Can science prove Christian meditation works?

Spiritual practices are popular. 'Wellness tourism', as trips to religious and secular retreats are called, is growing twice as fast as overall tourism, according to the Global Wellness Institute. The industry is worth many hundreds of millions of dollars.

Which raises a question. Is one type of meditation better than another? And further: how does Christian contemplation score?


The best studied area is mindfulness, a Buddhist form of meditation. Its popularity has been fueled by extensive scientific research. 'Mindfulness-Based Interventions have been shown to improve health outcomes in a wide range of clinical and non-clinical populations,' reports Mindful Nation UK, a study from the British Mindfulness All-Party Parliamentary Group.

Mindfulness has also been recommended for the treatment of depression by the British National Health Service since 2004. Overall, studies have demonstrated its help in alleviating stress, anxiety, depression and some psychosomatic conditions.

Christian traditions promote spiritual practices too. Christian retreats appear to be rising in popularity as well. But Buddhist meditation has long had a big advantage over Christian contemplation, because the latter hasn't been scientifically researched.

That is changing. In what is thought to be a first, researchers have investigated how Christian practices change the brain. A new study has examined the impact of a Christian retreat on 14 individuals, aged between 24 and 76. They were placed in brain scanners before and after a stay at the Jesuit Center in Wernersville, Pennsylvania.

For one week the individuals undertook the contemplative prayer practices designed by Saint Ignatius of Loyola, the founder of the Jesuits. The practices, known as the Spiritual Exercises, involve meditations such as imagining yourself as if present at events in the gospel stories. The results, though preliminary, show similar effects when compared with studies of Buddhist techniques.

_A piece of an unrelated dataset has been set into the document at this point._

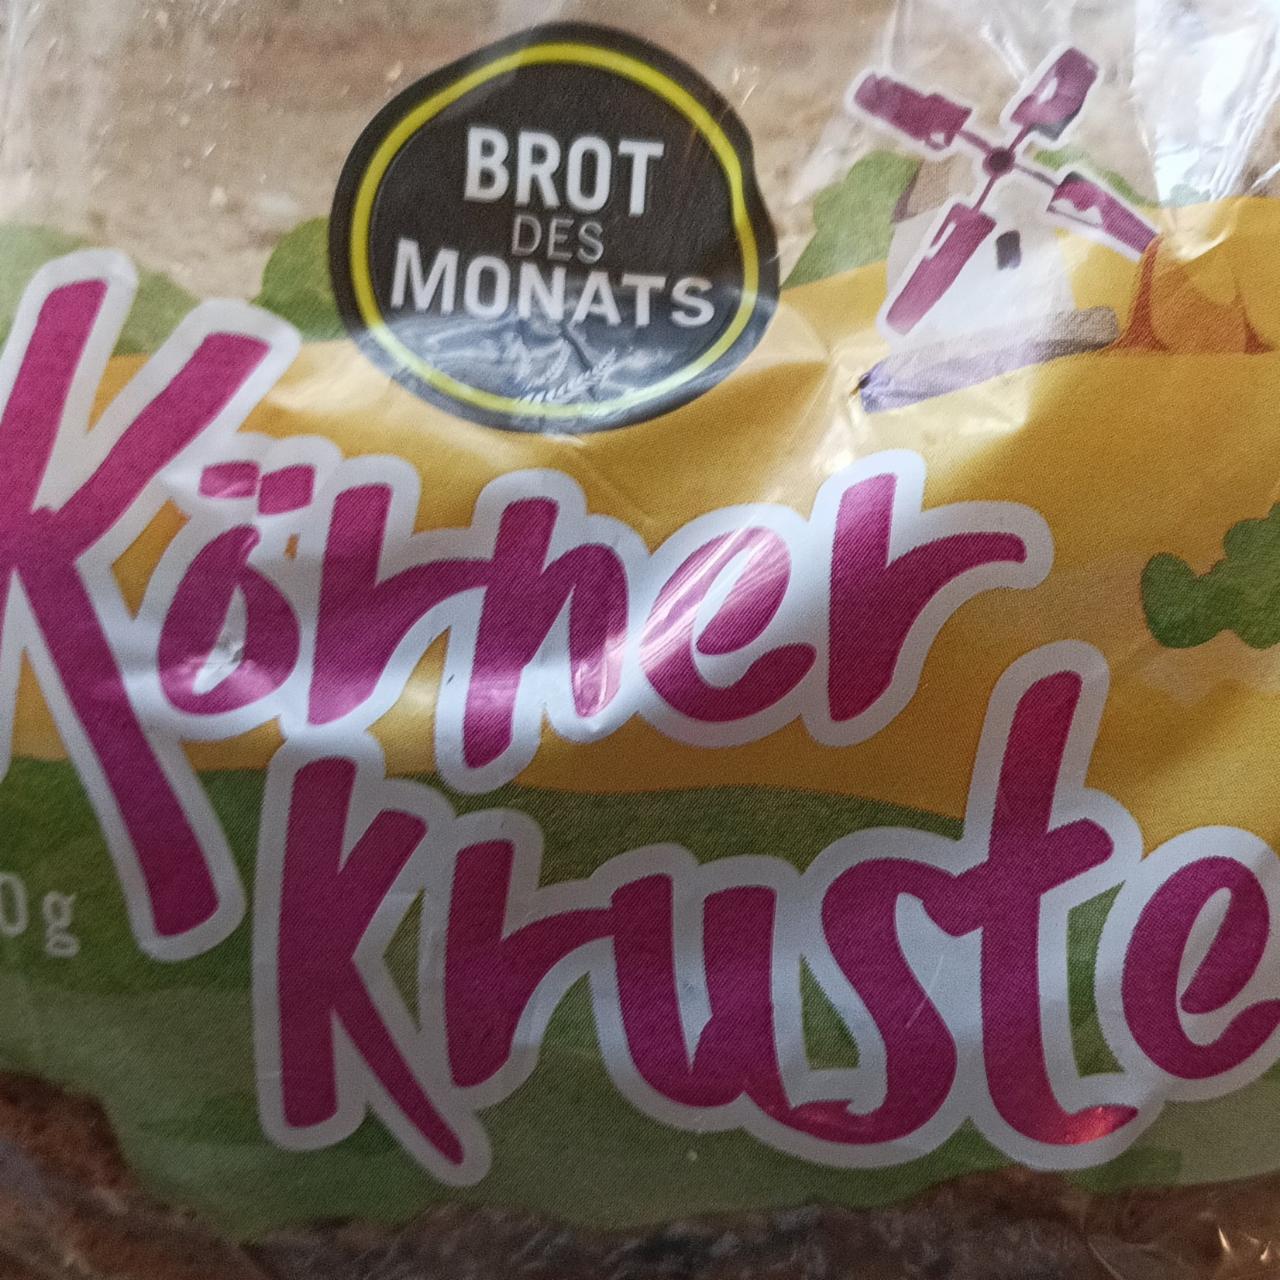 Fotografie - Körner Kruste Brot des Monats

The Christian meditators reported that their physical health improved, feelings of stress decreased and they also experienced an increased sense of the transcendent. The researchers also looked at changes to important neurotransmitters in the brain. Levels of dopamine indicated that the emotional depth of the participants was enhanced. Also altered were levels of serotonin, the neurotransmitter thought to contribute to feelings of wellbeing.

One participant found the experience transformative, saying it helped nurture a felt connection with God. 'Also, before the retreat, I would definitely say that I had a limited range of emotion, particularly not feeling very empathetic and not able to cry. But during the retreat, I felt the complete opposite and was much more in touch with a wide range of emotions.'

Another practitioner of the spiritual exercises came away realising they needed to 're-prioritize aspects of my life, particularly putting God and Spirit before work'.

'Thus, whether one evaluates the religious and spiritual literature or the scientific literature, there is substantial evidence of a relationship between positive emotions, including love and compassion, that are associated with spiritual practices such as those performed in the seven-day spiritual retreat in the current study,' the researchers conclude.

But what difference comes from belief in God and being a Christian? That is not, as yet, possible to discern scientifically.

One earlier study looked at meditating Carmelite nuns. It demonstrated that the sisters' reported mystical experiences of union with God did show up on brain scans. Those mystical experiences also seemed to be more powerful than, say, sharing with friends.

Father Christopher Krall, a Jesuit based at the University of Oxford, is addressing some of the theological questions. He presented his ideas at a recent conference on Science and Religion organised by the Ian Ramsey Centre of the University of Oxford and the International Society for Science and Religion. He believes that Christian meditation is fundamentally relational as it is about being open to God. It can develop human consciousness from basic modes of functionality, such as sensing surroundings, to higher modes that include perceiving good in the world and acting compassionately. 'Enriching consciousness can be fostered,' he explains. 'It can take us to the best we can be as humans.'

Future studies involving more people will be needed to develop these insights. For example, it is unclear what are the main 'active ingredients' in spiritual practices and retreats. Is it the practice of prayer or the sense of being in a spiritual place? There is also the question of how religious retreats differ from secular retreats, and whether going on holiday or being with a loved one might be equally transformative.

Christian spiritual practices are now becoming the object of scientific study. The Buddhists have a head start with mindfulness research. But expect more studies on the effects of prayer, contemplation and silence which Christians, like Buddhists, have been practising for thousands of years.